The community does not want to go with the low standards that INAC has, the crappy standards for building schools that INAC insists on every first nation. It wants a school that meets the proper standards of the province of Ontario. It wants proper class sizes. It wants a school that is big enough to hold the expected 600 students. The community does not want to wait for the federal government. It went to the bank to get its own financing because it actually has an excellent financial track record.
Of course we brought this to Indian Affairs because we thought it was a no-brainer. We thought this was a win-win story. The Minister of Indian Affairs has said that a school is needed there. It is amazing that the community has to go to the bank for its own financing. The only hitch is it needs Indian affairs to sign off on the tuition agreements so that the bank deal can flow. The former Minister of Indian Affairs signed off on that, but nothing happened.

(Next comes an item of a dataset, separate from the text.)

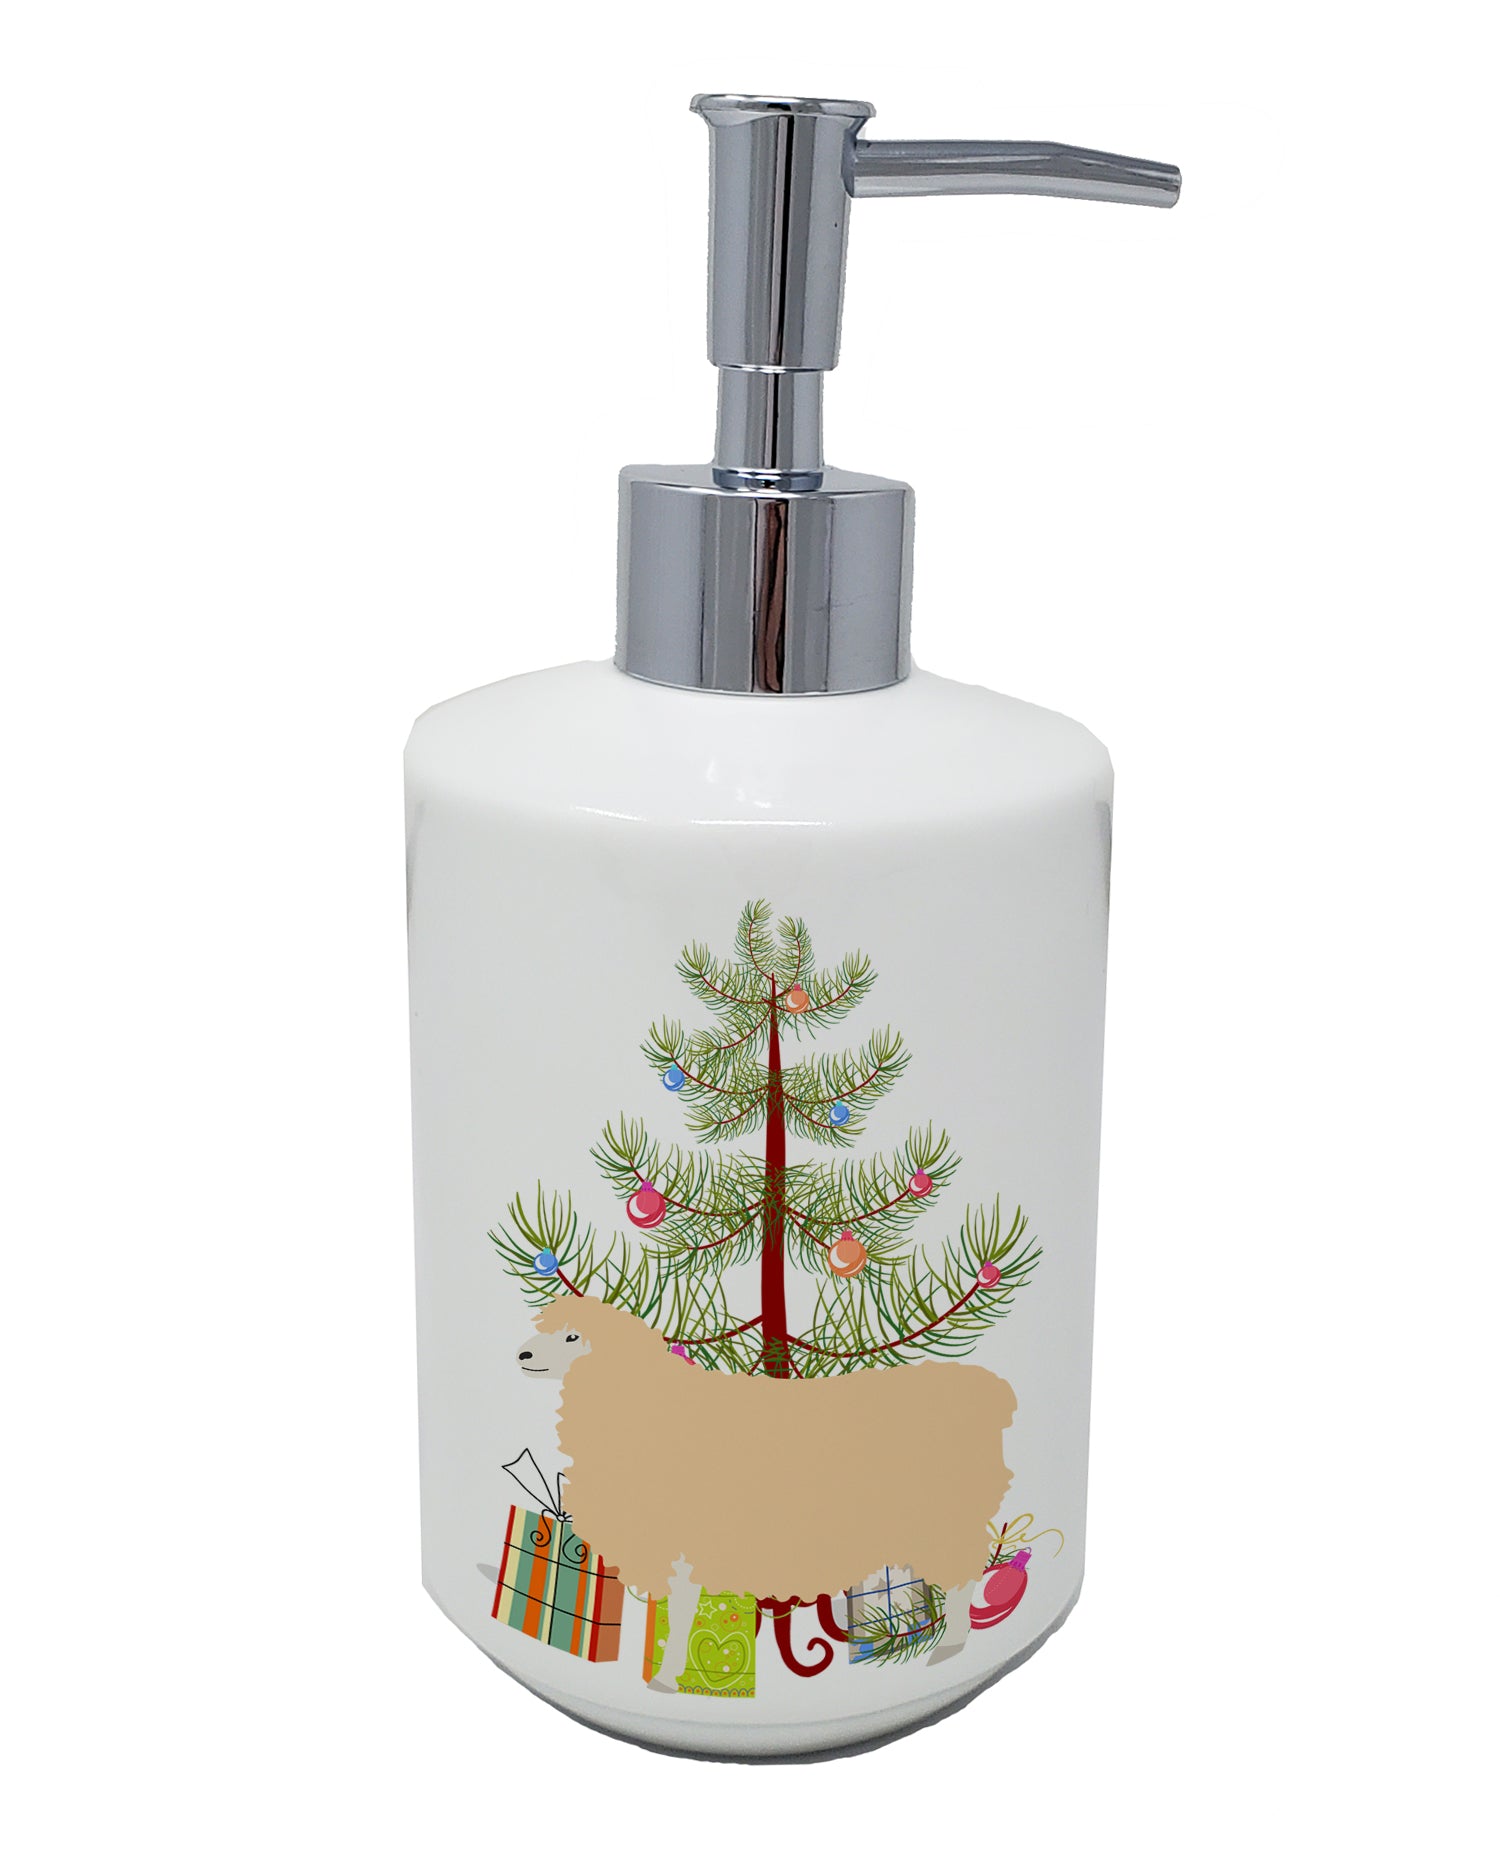 Buy this English Leicester Longwool Sheep Christmas Ceramic Soap Dispenser

In November 2005 I sat with the Indian affairs minister and we hammered out an agreement with the head of the regional office for Ontario. I actually looked it up in the paper. Chief Mike Carpenter went to the school to tell the students and they were all yelling for joy because they had brought home an agreement to build that school.
Well, there is no school. We have had two other Indian affairs ministers. Another one signed off on the agreement. The latest we understand is that it is now at the preliminary project approval stage. That means they are nowhere in getting this school built because Indian affairs continues the pattern of systemic negligence toward the most vulnerable, our young. We simply need someone to sign off on this agreement. The banks and the community will do the rest.
Attawapiskat is sitting on what is now one of the richest diamond deposits in the western world. It took four years to get that mine up and running. There was hurdle after hurdle. There was no problem for the federal government and the province to get that diamond mine up and running in the most isolated region in the province of Ontario. We could get the permits. That is good, because in northern Ontario we support mineral development and we hope that this mine will employ first nations people. It can be a positive story.
It is amazing when we juxtapose the phenomenal riches of the Victor diamond mine with the abysmal poverty that is in Attawapiskat.
We have to ask why is it that they could discover diamonds in a place as isolated as the Mushkegowuk Cree territory. Infrastructure was put in place and cost was no object. The federal government and the province was ready to sign whatever had to be signed to get that mine up and running. Meanwhile, the greatest single resource that we have in northern Ontario, our young people, were left sitting on top of a toxic contaminated site. Nobody so far has come forward from the regional office of INAC to sign that agreement, even though we have a commitment from the minister and a commitment from the director general of Ontario.
What we are seeing in Attawapiskat is what we see every single day across first nation territories in Canada. It is a disgrace. Let us just call it for what it is. We need some accountability. We need to set some standards. We need to start making some things happen so that the next generation will not ask how this could have been allowed to happen, how could people have sat back and said, “Who cares”.